- Directed by: John La Bouchardière
- Written by: John La Bouchardière
- Produced by: Greg Browning
- Starring: I Fagiolini
- Cinematography: Nick Gordon Smith
- Music by: Claudio Monteverdi
- Distributed by: Polyphonic Films Ltd
- Release date: 14 September 2007;
- Running time: 60
- Country: United Kingdom
- Language: Italian

= The Full Monteverdi =

The Full Monteverdi is a 2007 British film written and directed by John La Bouchardière and based on his live production of the same name, itself based on Claudio Monteverdi's fourth book of madrigals (1603) which, in turn, is a collection of settings of poems by such Italian Renaissance poets as Giovanni Battista Guarini, Ottavio Rinuccini and Torquato Tasso. The film features the British vocal ensemble I Fagiolini and the original cast of actors from the live production. The title is a play on the name of the 1997 film The Full Monty – a pun vindicated, according to academic Peter Conrad, by The Full Monteverdi's "raw, emotional striptease".

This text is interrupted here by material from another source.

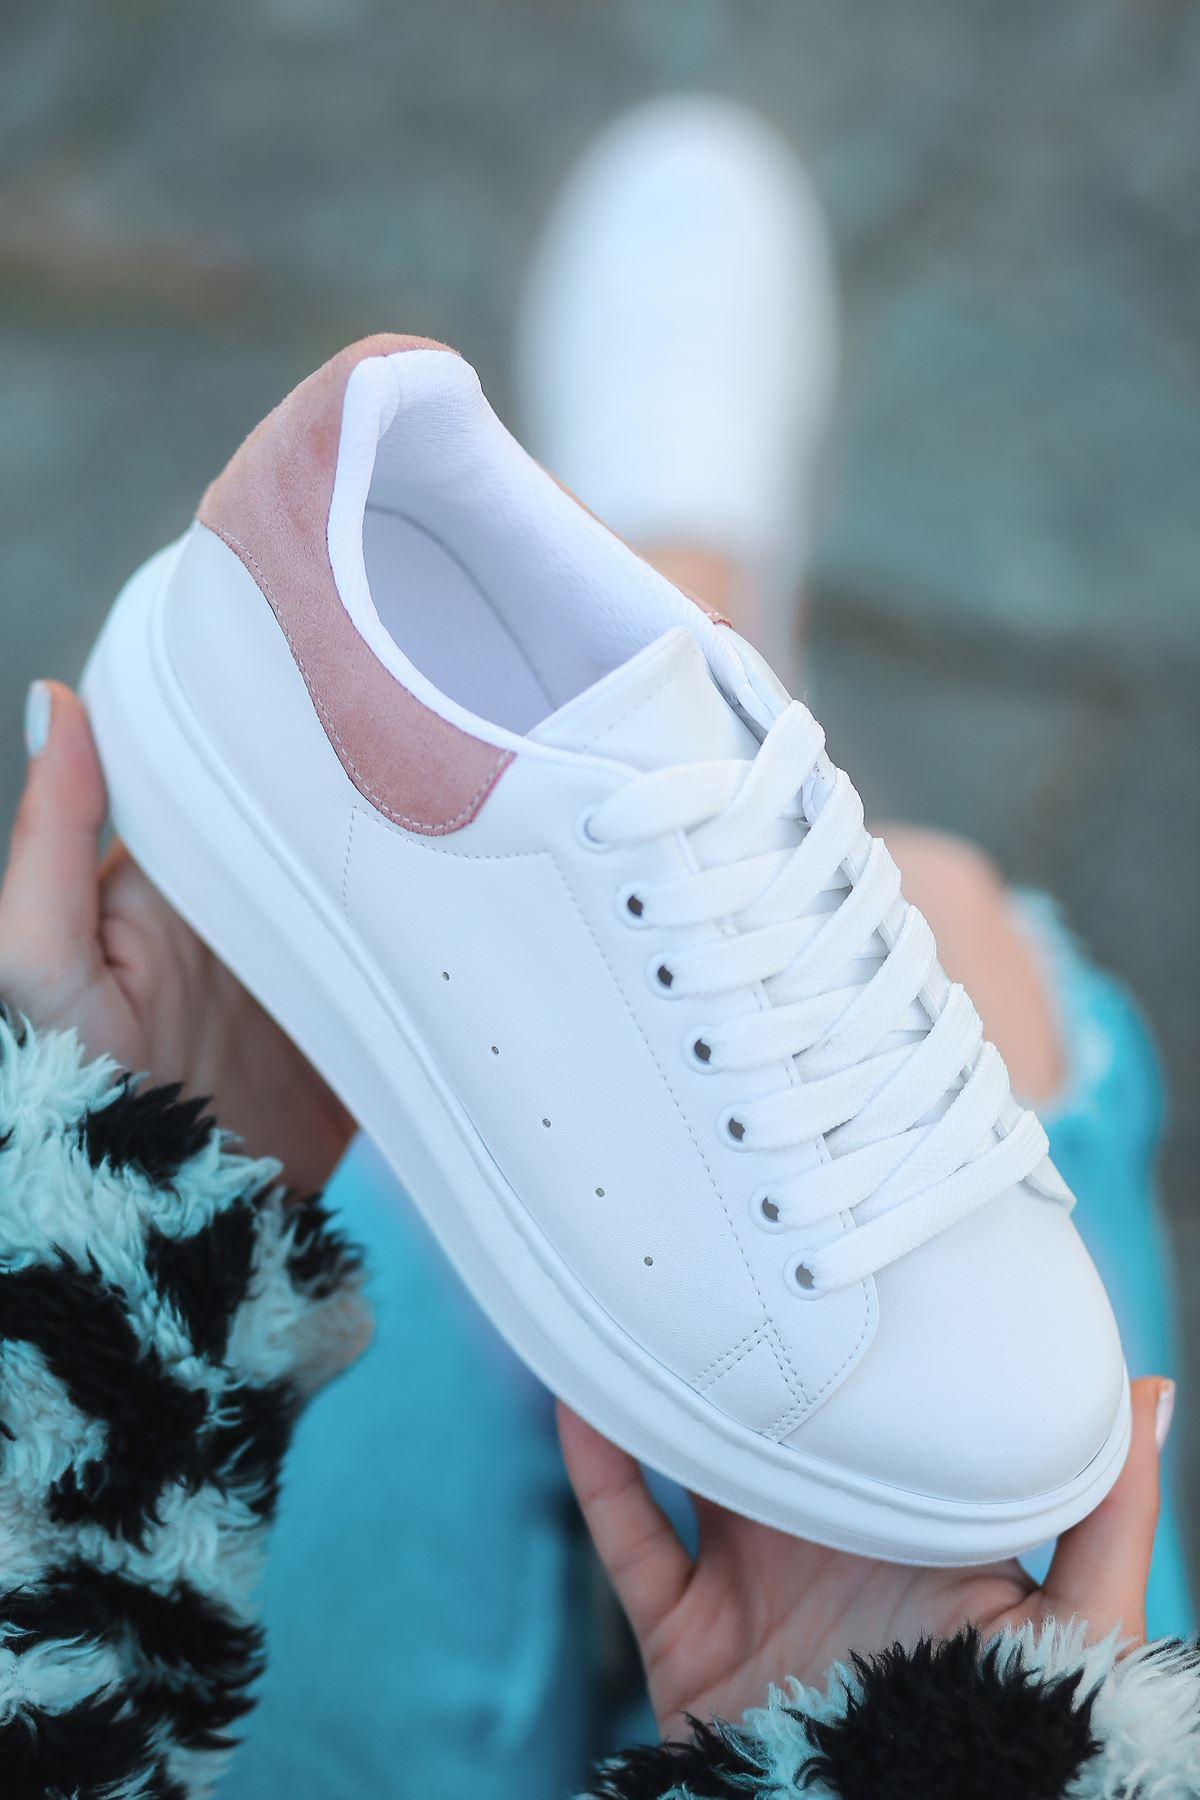 Lucy Mat Deri Pudra Süet Detay Sneakers Beyaz

The plot concerns six couples who are breaking up simultaneously in a restaurant. During the course of their meals, revelations about the past drive the couples to separation. The apparently avant-garde structure and nonlinear narrative of the film are based in the musical material, which is often of highly contrapuntal polyphony, and follows the stories of the different couples in a manner similar to the vocal interchanges in the madrigals.

==Production==

Shot in HD on location in Bristol, Cheltenham, Gloucester and London, including the London Eye, the central restaurant scenes were filmed on a studio set designed by Chloe Lamford. The sound was recorded in advance and lip-synched in post-production.

==Release==

The Full Monteverdi had a limited initial theatrical release, primarily through music festivals. It has been broadcast in Australia, Canada, the Czech Republic, Estonia, Finland, New Zealand, Norway, Poland, Spain, Sweden and the U.K. The film was released on DVD by Naxos Records.

The film was given a further theatrical release in South Africa by Ster-Kinekor, opening on 2 April 2010, and in New Zealand by Rialto Distribution, on 24 June 2010.

==Critical reception==

The film's reception was largely favourable, particularly from classical music critics, though some found La Bouchardière's matching of contemporary realism with Renaissance a cappella music uncomfortable; most acclaimed it for its innovation, fidelity to the spirit of the original music and unrelenting emotional depth. Film and literary scholar William E.B. Verrone hailed The Full Monteverdi as "both visually and narratively dazzling... an innovative and experimental film, the kind of adaptation that rarely is attempted or gets made: one that flies in the face of convention daring to be different." It was awarded a Choc du Monde de la Musique.